**Data block:**
-=-=-

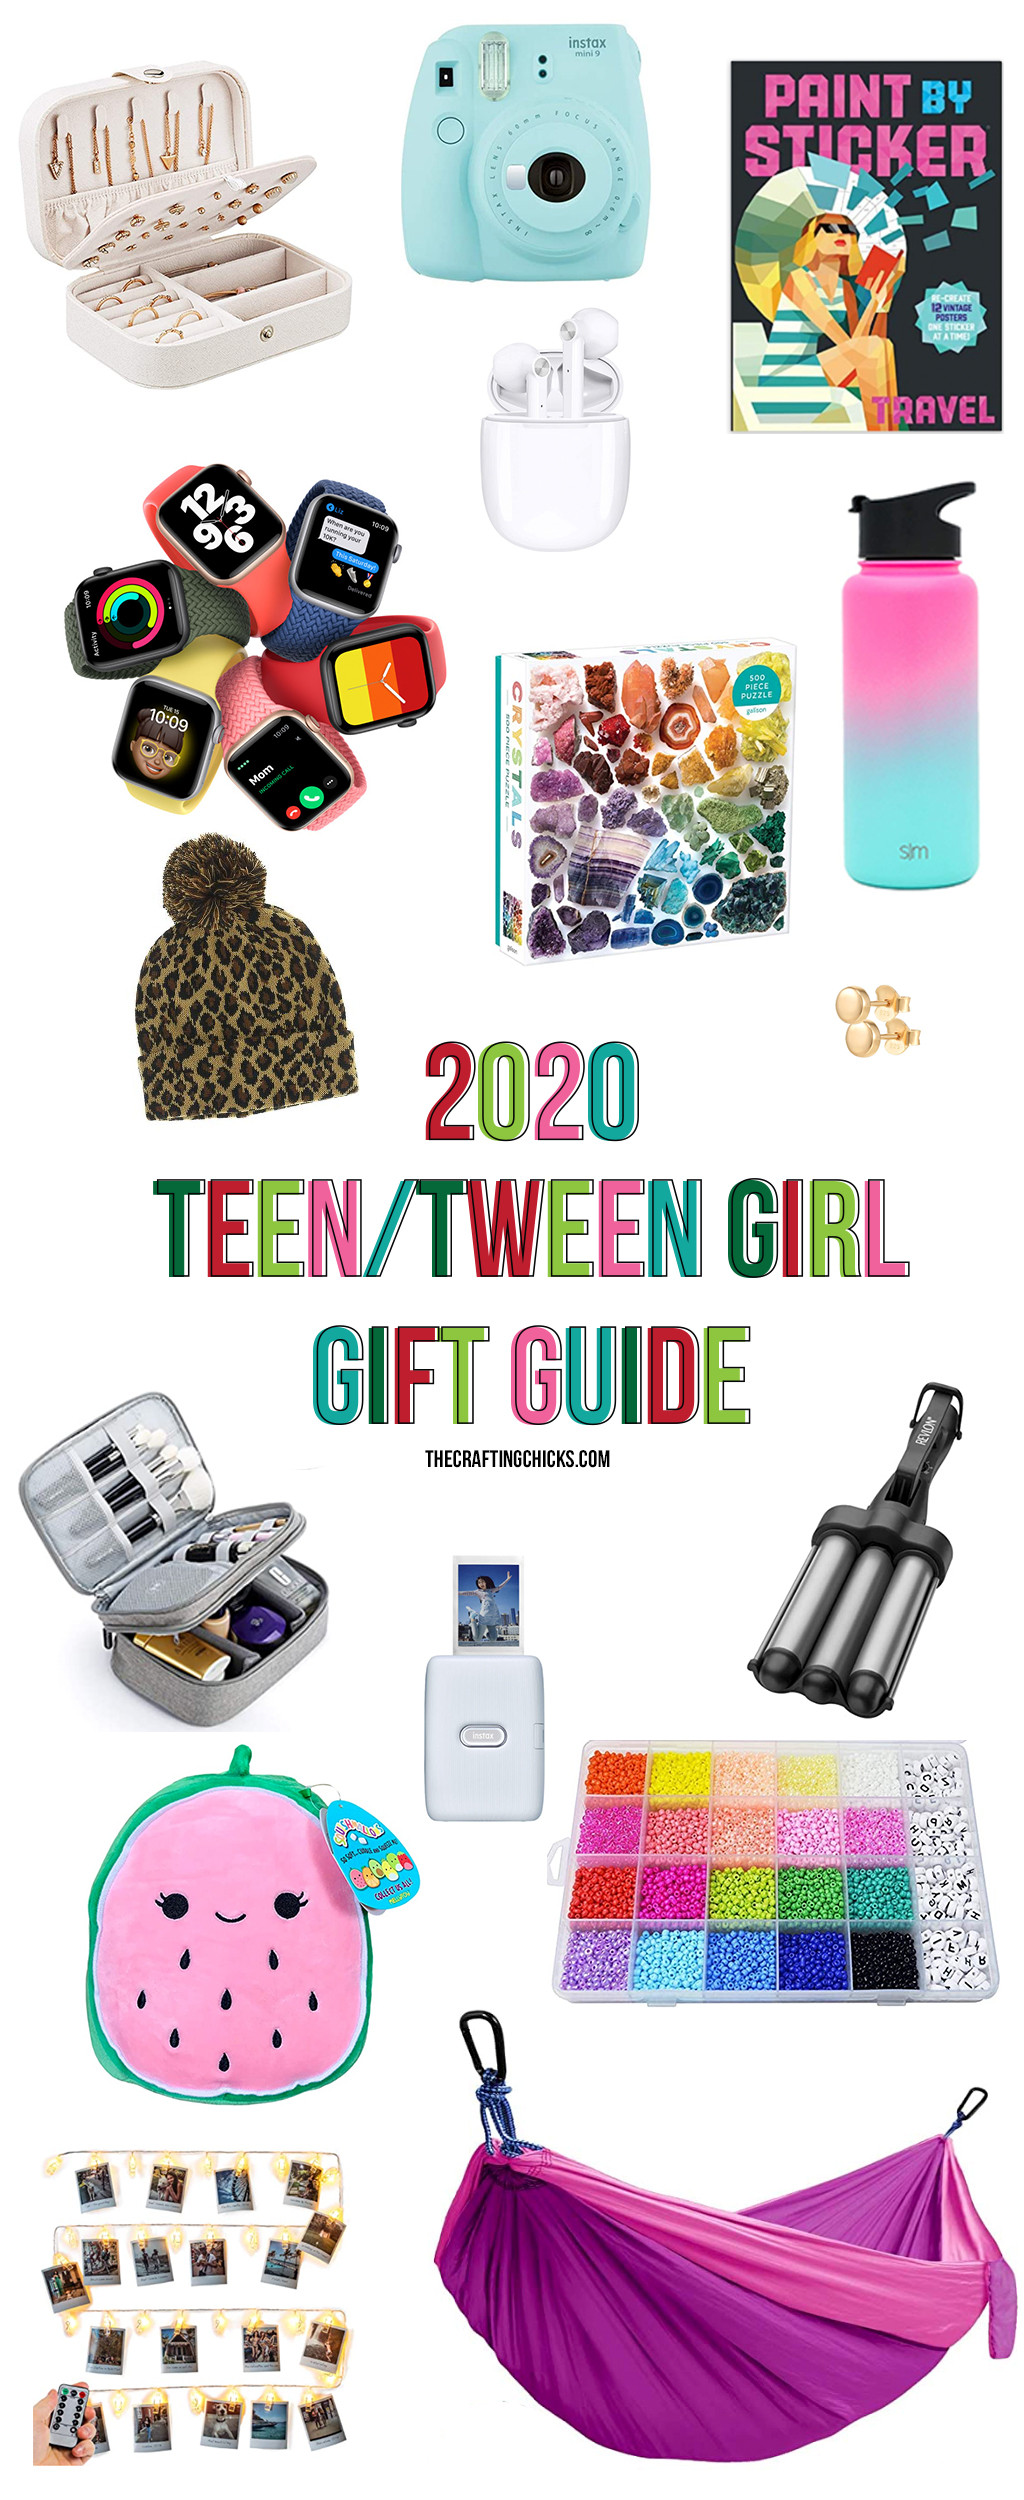 Teenager Gift Ideas For Girls
 2020 Gift Guide for Teen and Tween Girls The Crafting Chicks
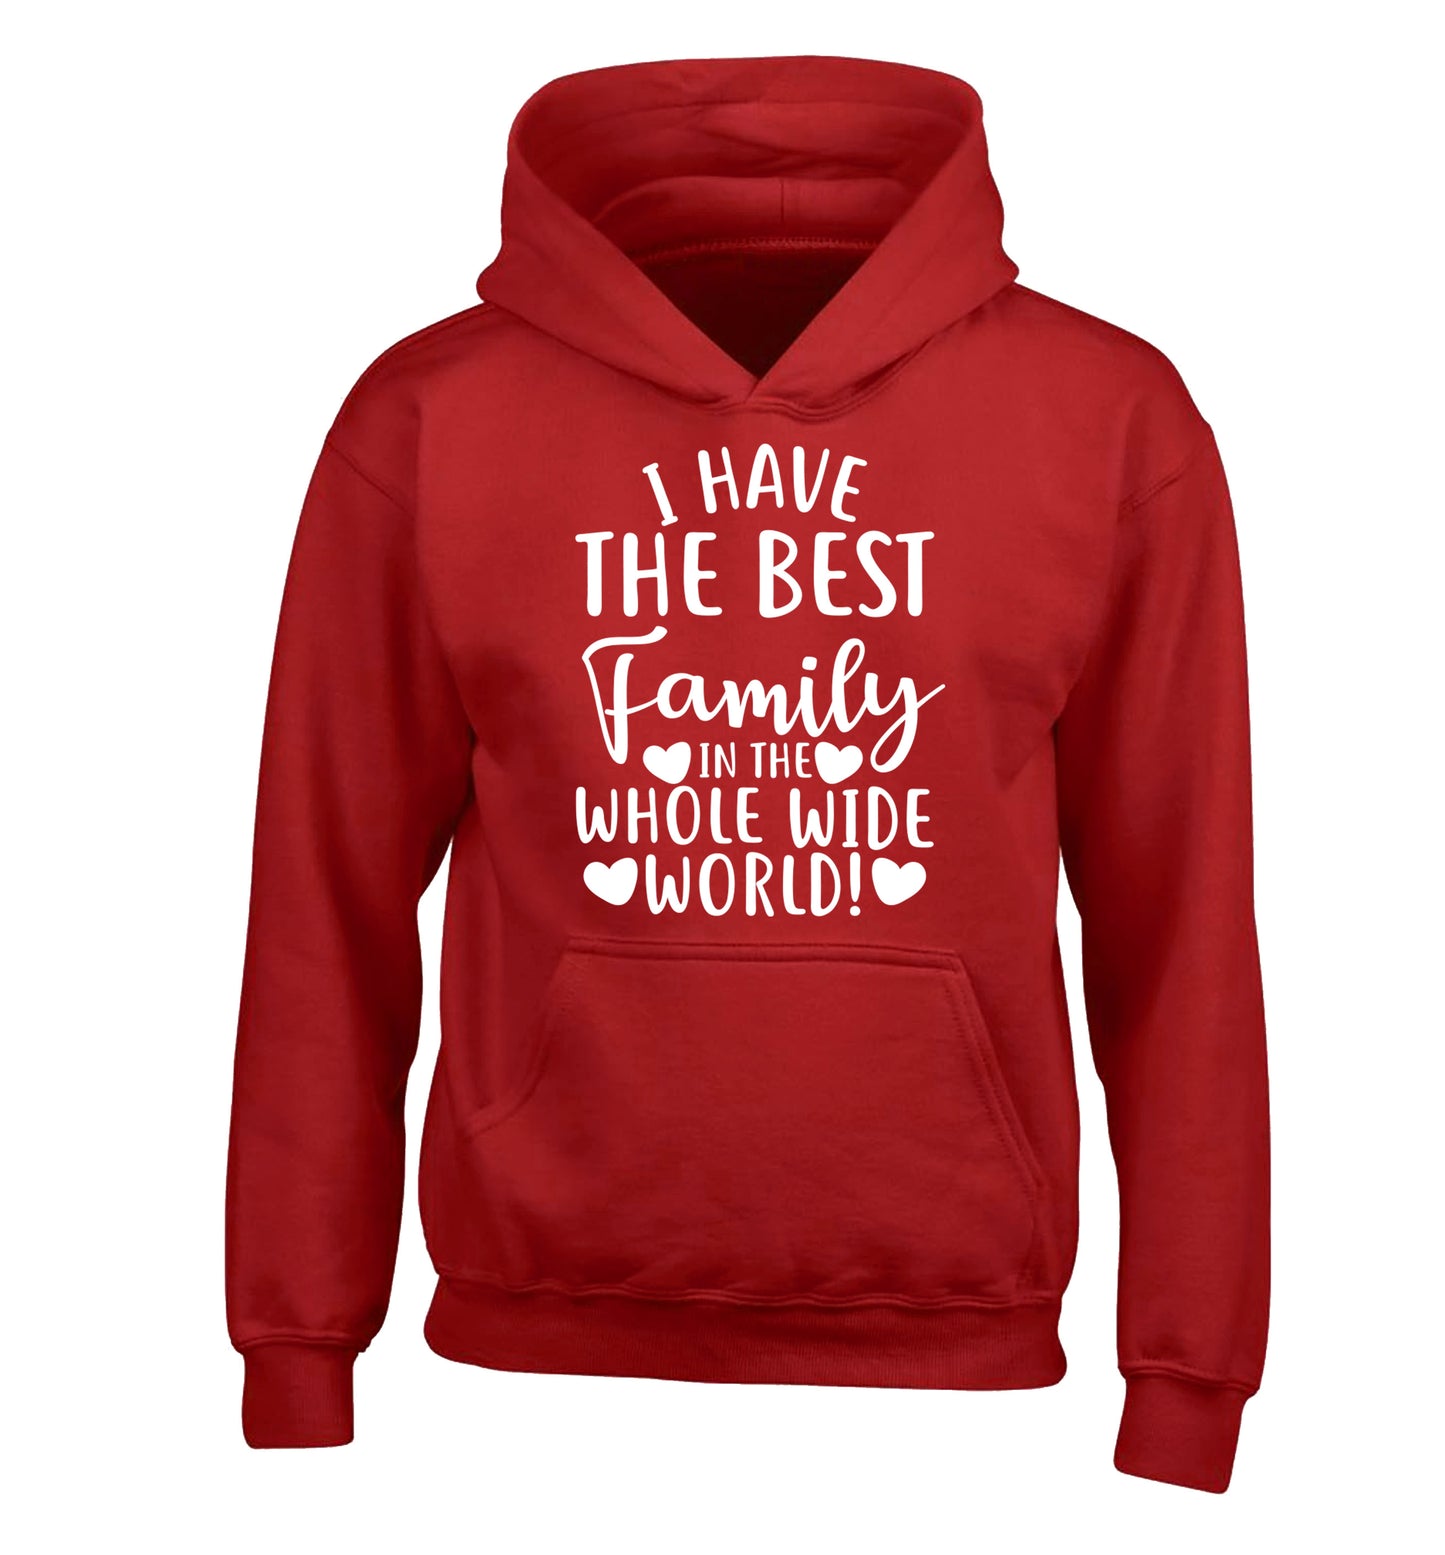 I have the best family in the whole wide world! children's red hoodie 12-13 Years

-=-=-

**What to work on:** Repeat the listing word for word, but without its pictures.

**Your response:**
 Teenager Gift Ideas For Girls
 2020 Gift Guide for Teen and Tween Girls The Crafting Chicks
 I have the best family in the whole wide world! children's red hoodie 12-13 Years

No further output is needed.